Tentatively, I asked, “And did you seek any kind of therapy after your husband’s death?”
“See, you do think I’m crazy.”
I winced. I was hoping to avoid a negative reaction, so I chose my next words carefully.
“The only reason I ask is because, to my knowledge, spirits can’t manipulate the physical world. Occasionally, they appear to humans, mostly children. They have an effect on the physical world to a certain extent, playing with the temperatures of rooms and the like, but the odds of your husband’s ghost wrapping his hands around your ankle are pretty slim.”
“I’m telling you,” she insisted. She shifted in her chair, jostling her ankle. With a grimace, she continued. “Something grabbed my foot, and when I kicked out, I connected with somebody’s face. No one was there. I’m not crazy. That’s just what happened.”
I sighed, unwilling to argue any further. It didn’t make any sense. Either Teagan was lying, or I didn’t know as much about the otherworld as I thought I did. I strongly suspected that Teagan just didn’t want to admit to something.
“Teagan, sometimes after we ex
perience something traumatic, such as an unexpected death, the stress can cause all sorts of things to happen,” I said, trying to reassure her.
She made a motion as if to slam her fist on the table, then seemed to remember just how injured all of her extremities were.
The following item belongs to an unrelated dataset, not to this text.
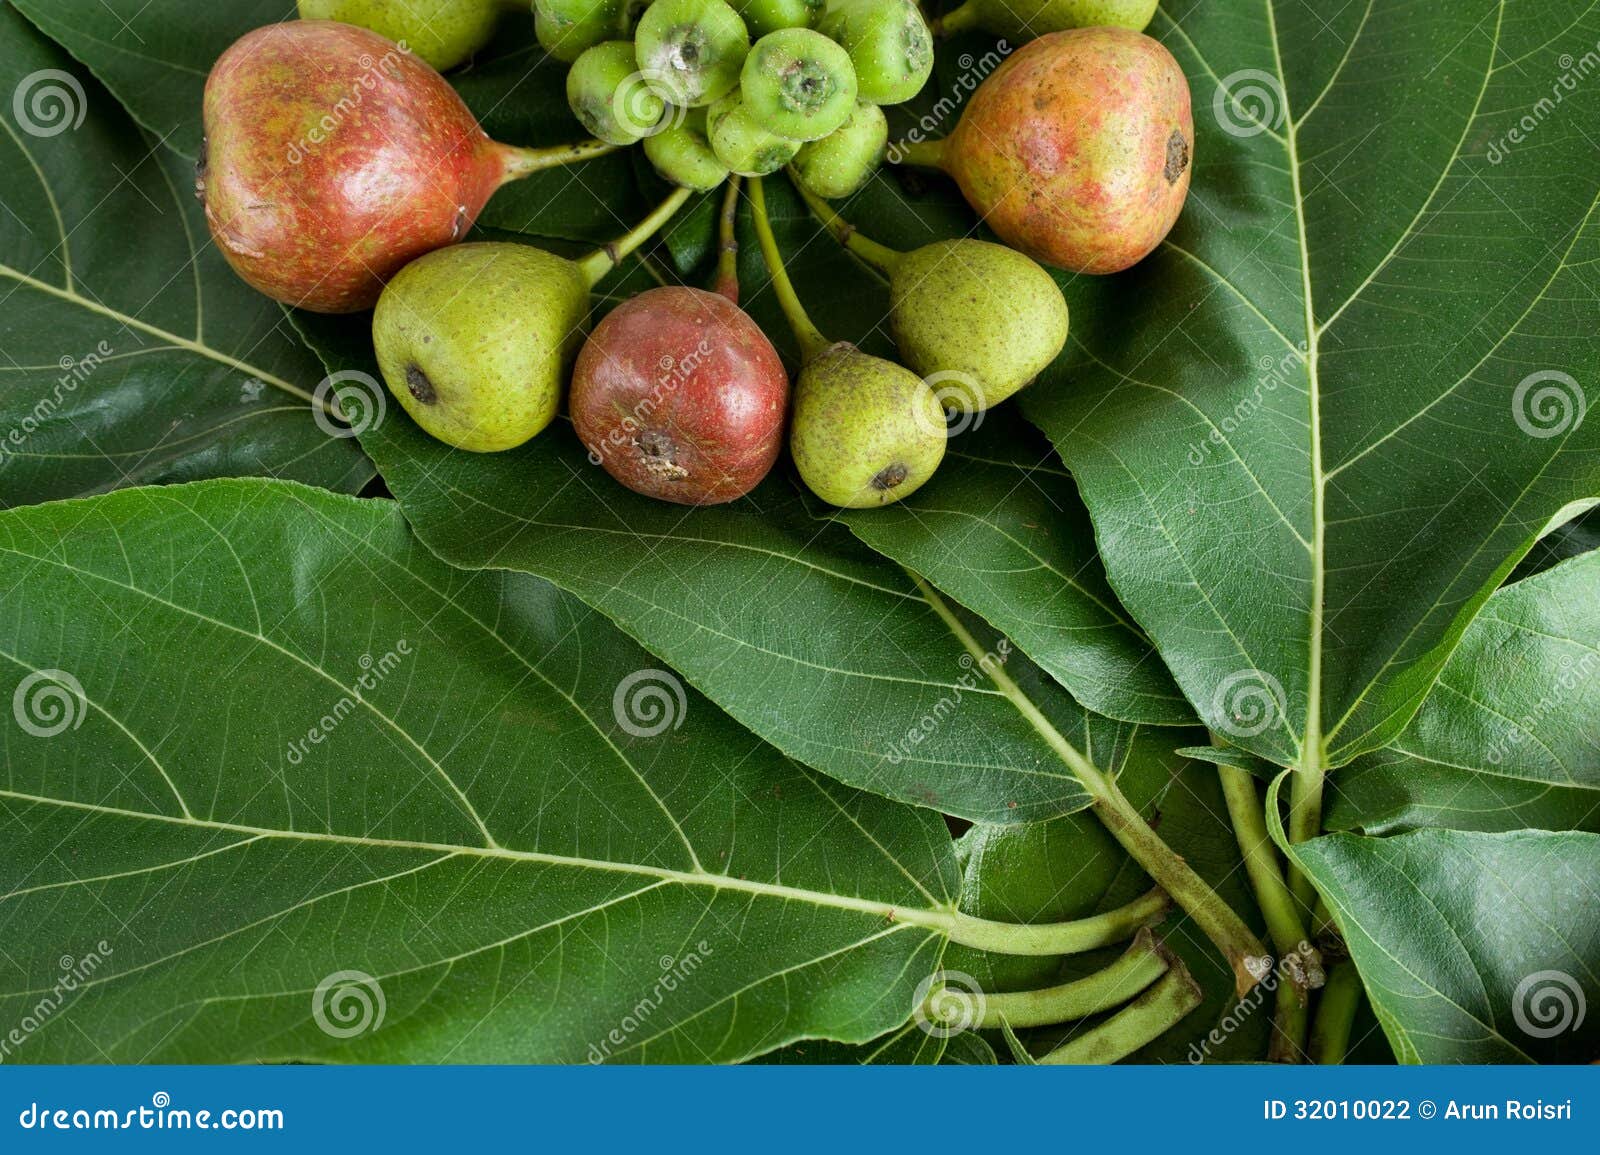 Fig tree,fruit photo. Image of - 32010022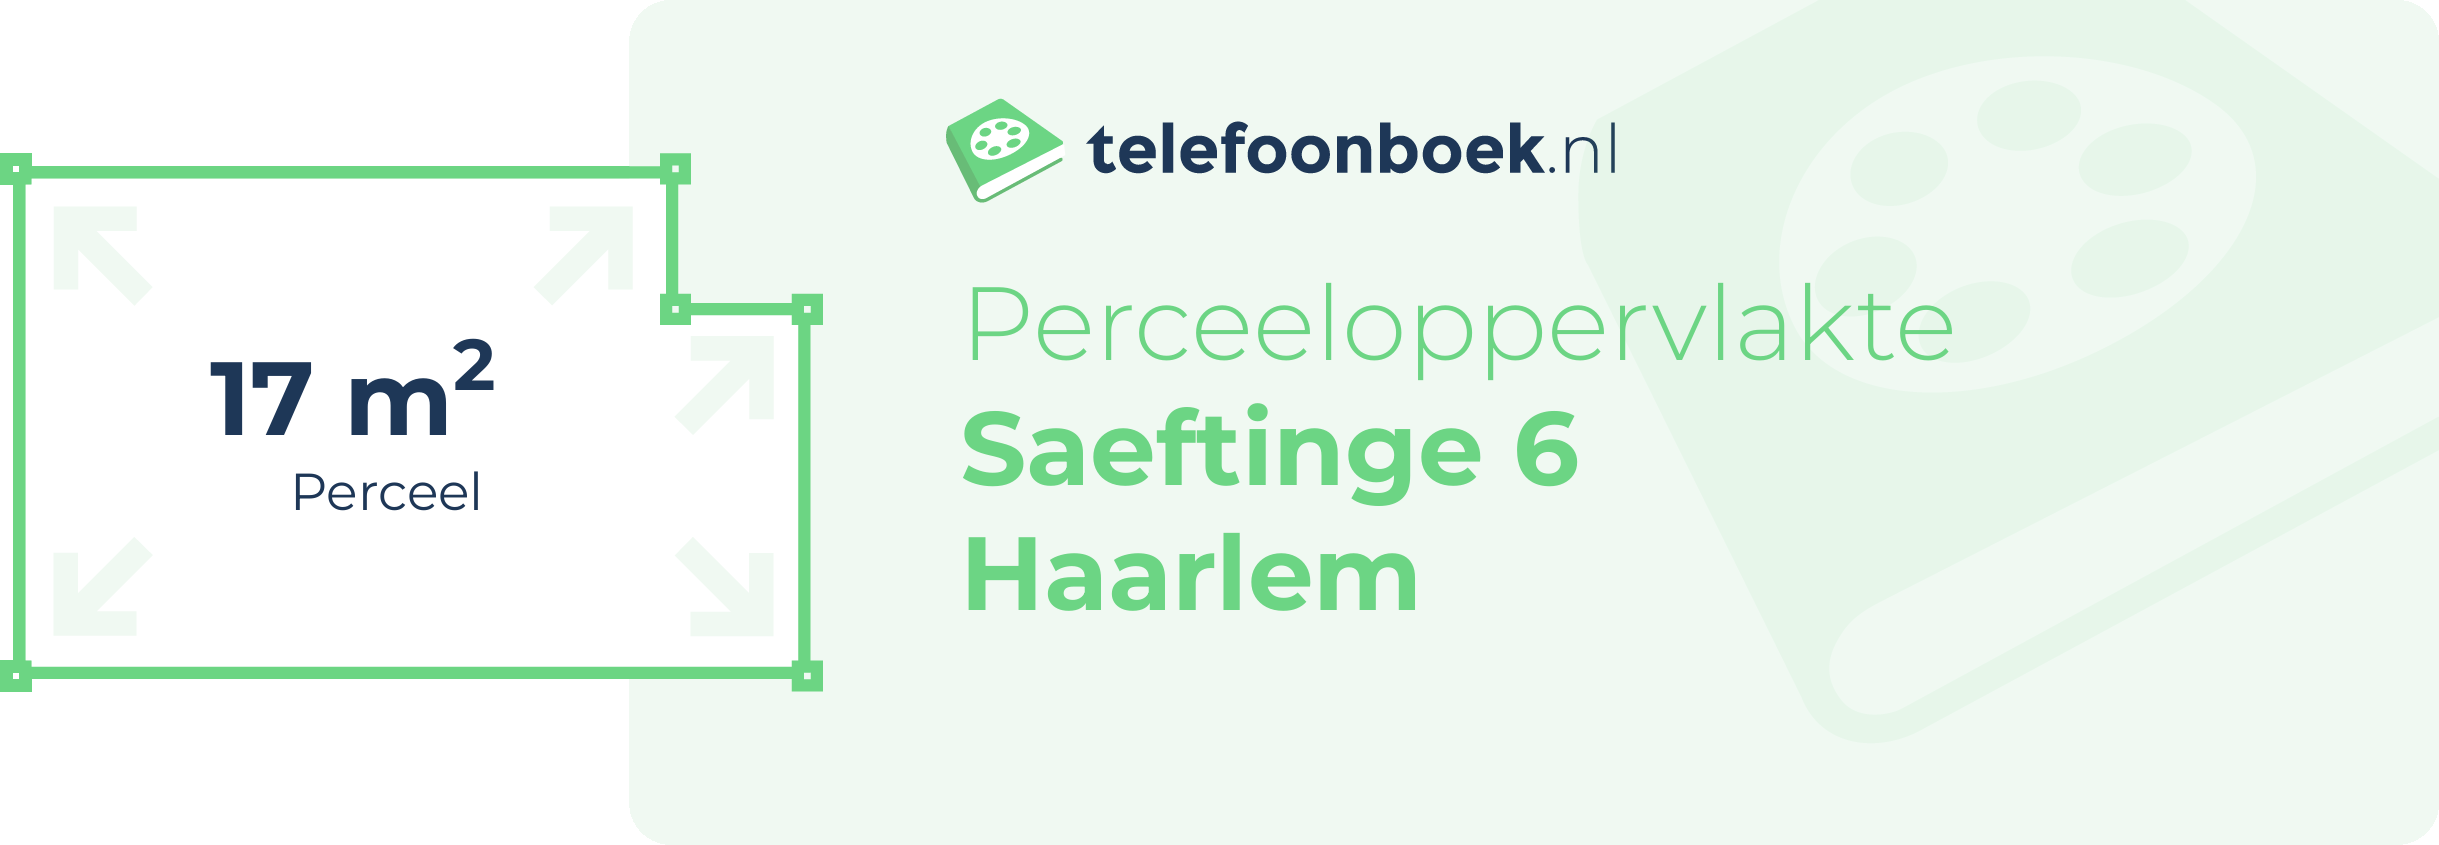 Perceeloppervlakte Saeftinge 6 Haarlem

She settled for pointing a bandaged finger at my face. “Don’t patronize me.”
“I’m not trying to patronize you,” I assured her. “I’m trying to figure out what happened. You could be suffering from PTSD. Paranoia, flashbacks, nightmares. Any of that sound familiar?”
When she remained quiet, I realized that I had hit a nerve. She twisted her fingers together, picking at a hangnail until it began to bleed. I reached across the desk, separating her hands.
“When your husband was alive,” I began softly, “did the two of you get along? I know this is a difficult subject. I worked the case when it first came into the office. Do you know any reason as to why he would’ve wanted to kill himself?”
She shook her head, but a quivering tear wavered on her eyelashes.
“Teagan.”
She pulled her hand away from mine, tucking it close to her side. Staring up at the ceiling as if to control the moisture in her eyes, she finally said in a detached voice, “I can’t imagine why he would kill himself over this, since he never seemed to care while he was alive, but he used to hit me.”
“He was abusive?”
“Quite often,” she admitted. “It was awful. He threatened to kill me if I ever told anyone, but he’s dead now, so what’s the harm, right?”